Stereotactic Body Radiation Therapy (SBRT) as a Boost After Definitive Concurrent Chemoradiation (ChemoRT) for Non-Small Cell Lung Cancer (NSCLC)

This study has been withdrawn prior to enrollment.
(There was no patient accrual nor study activity due to inability to fund PFTs.)
Sponsor:
Information provided by (Responsible Party):
Steven Feigenberg, University of Maryland
ClinicalTrials.gov Identifier:
NCT00818714
First received: January 7, 2009
Last updated: December 6, 2012
Last verified: December 2012
  Purpose

SBRT to deliver a boost dose to residual primary tumor after definitive doses of standard EBRT have been delivered concurrently with chemotherapy.

Serum levels of TGF-Beta1 and correlation with SBRT toxicity.

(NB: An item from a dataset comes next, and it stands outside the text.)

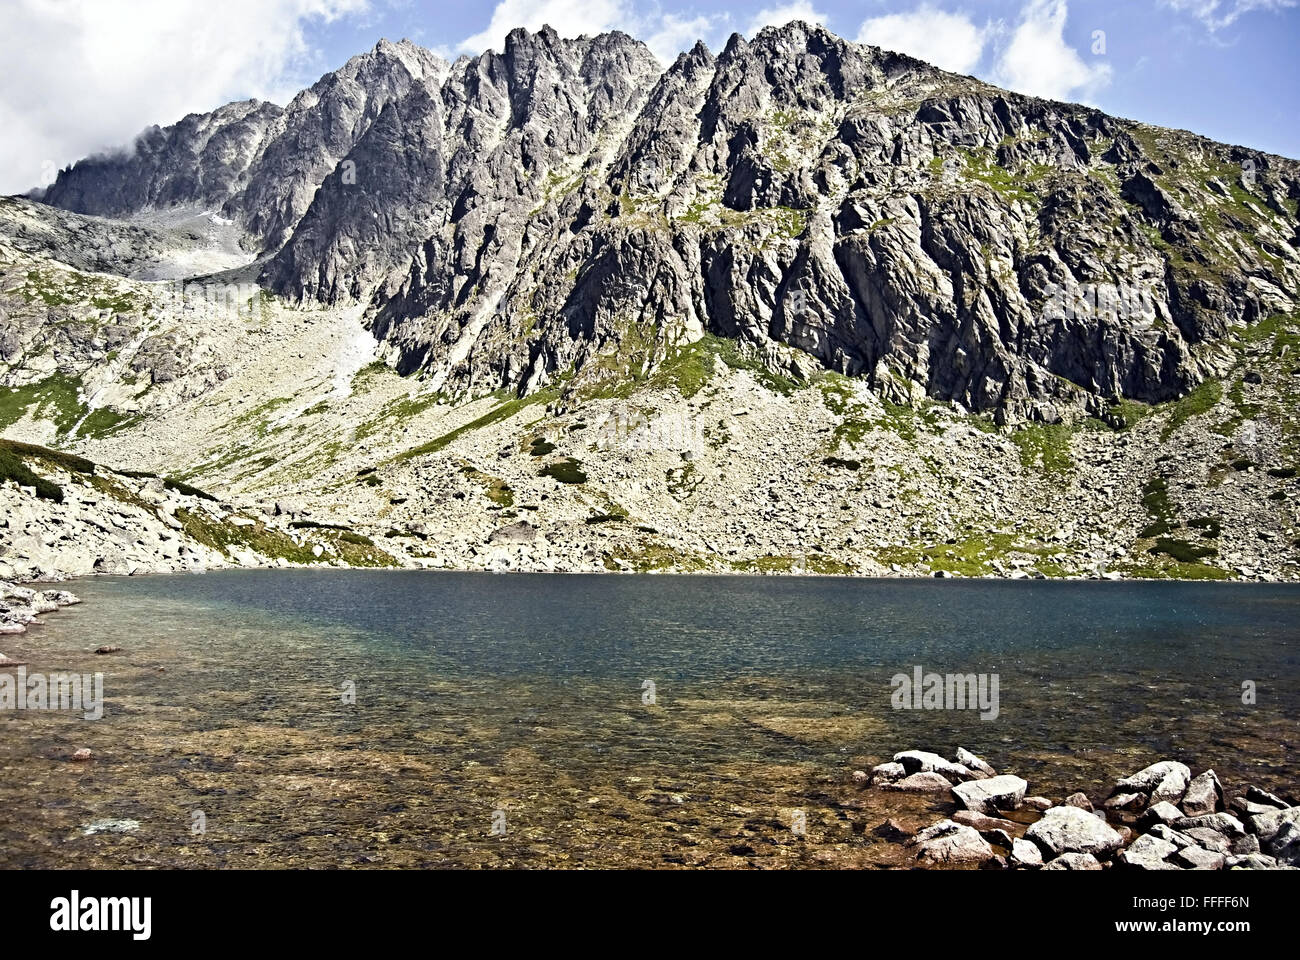 Batizovske pleso lago con Gerlachovsky stit pico en altas montañas Tatras Foto de stock
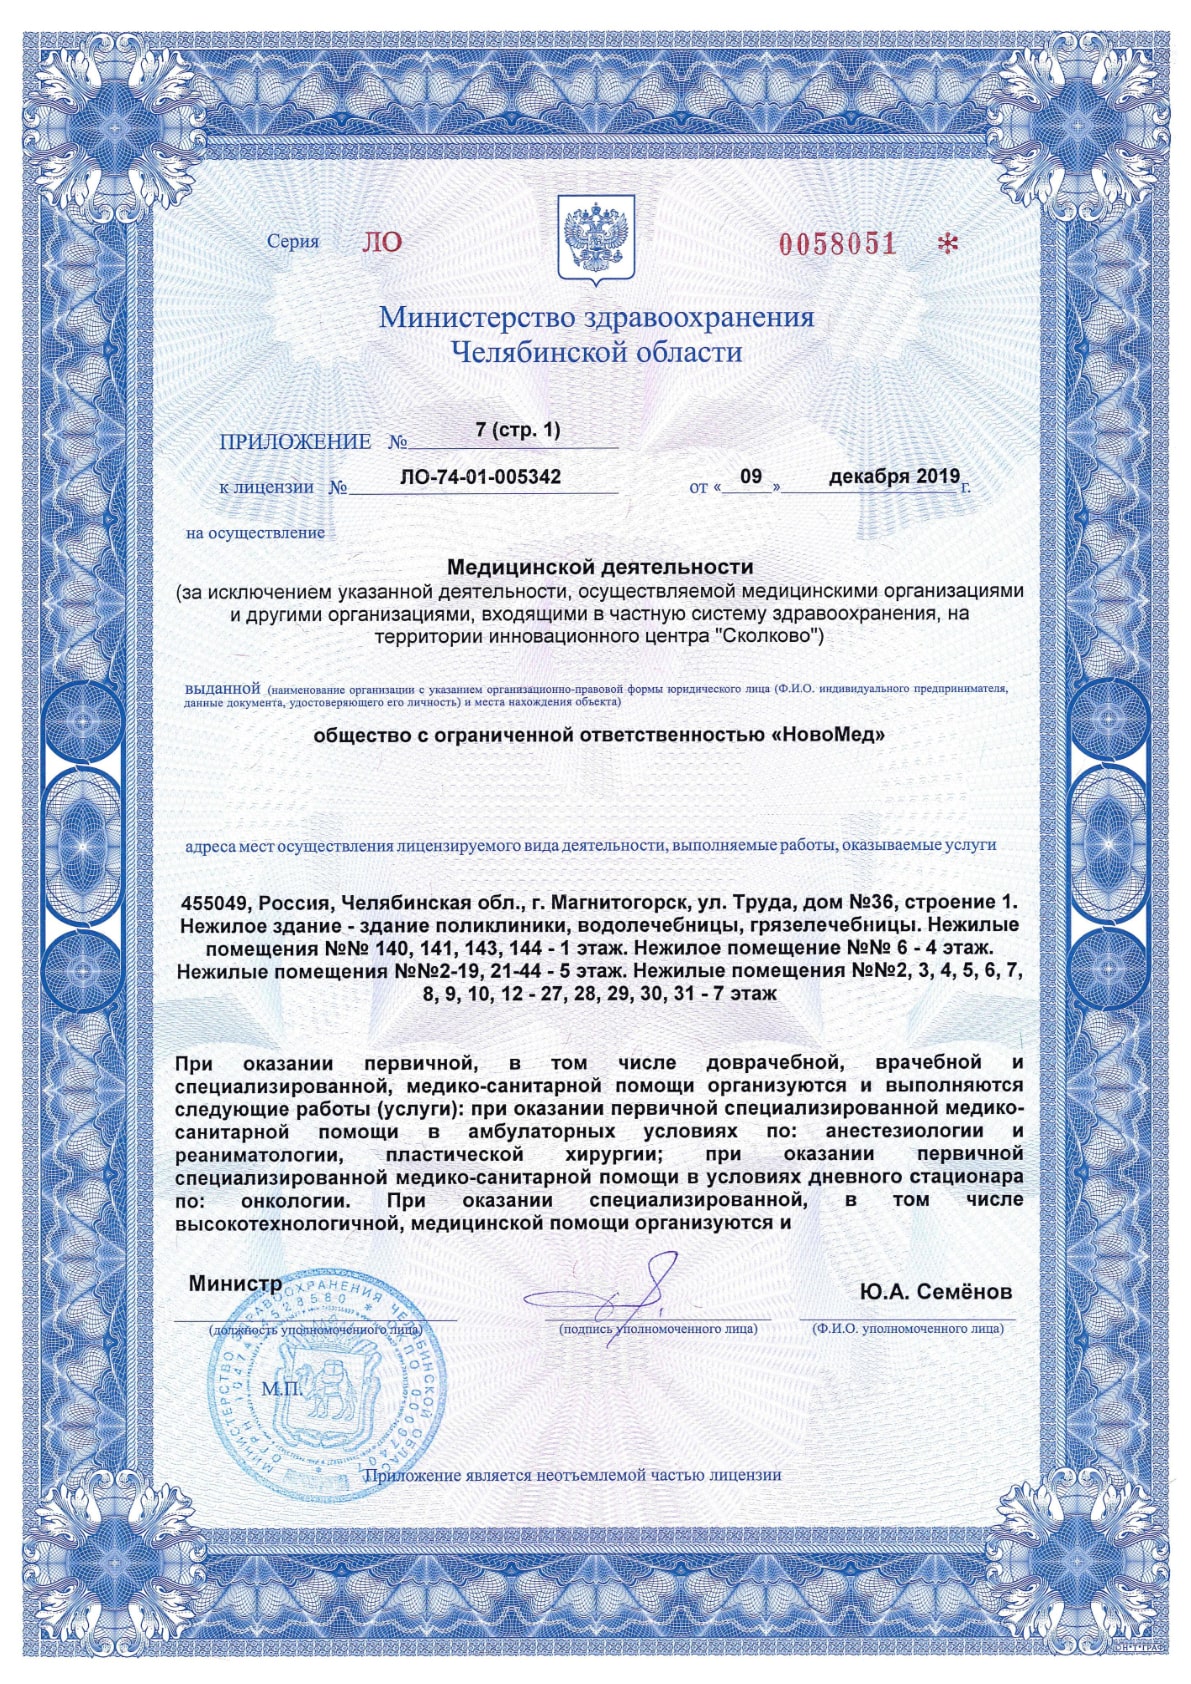 Приложение №7 к лицензии ЛО-74-01-005342, лист 1

Condition Intervention Phase
Non-Small Cell Lung Cancer (NSCLC)
Radiation: SBRT
Phase 1

Study Type: Interventional
Study Design: Allocation: Non-Randomized
Endpoint Classification: Safety Study
Intervention Model: Single Group Assignment
Masking: Open Label
Primary Purpose: Treatment
Official Title: 0516 GCC: Stereotactic Body Radiation Therapy As A Boost After Definitive Treatment With Concurrent Chemoradiation In Patients With Non-Small Cell Lung Cancer

Resource links provided by NLM:


Further study details as provided by University of Maryland:

Primary Outcome Measures:
  • To determine the toxicity profile in the context of dose escalation of stereotactic body radiation therapy (SBRT) after definitive therapy with concurrent chemoradiation and to define the maximum tolerated dose. [ Time Frame: Follow-up Post-SBRT: 2, 4, 6,12 weeks, every 3 months for 2 years, every 6 months for 2 years, then at the discretion of the treating M.D. ] [ Designated as safety issue: Yes ]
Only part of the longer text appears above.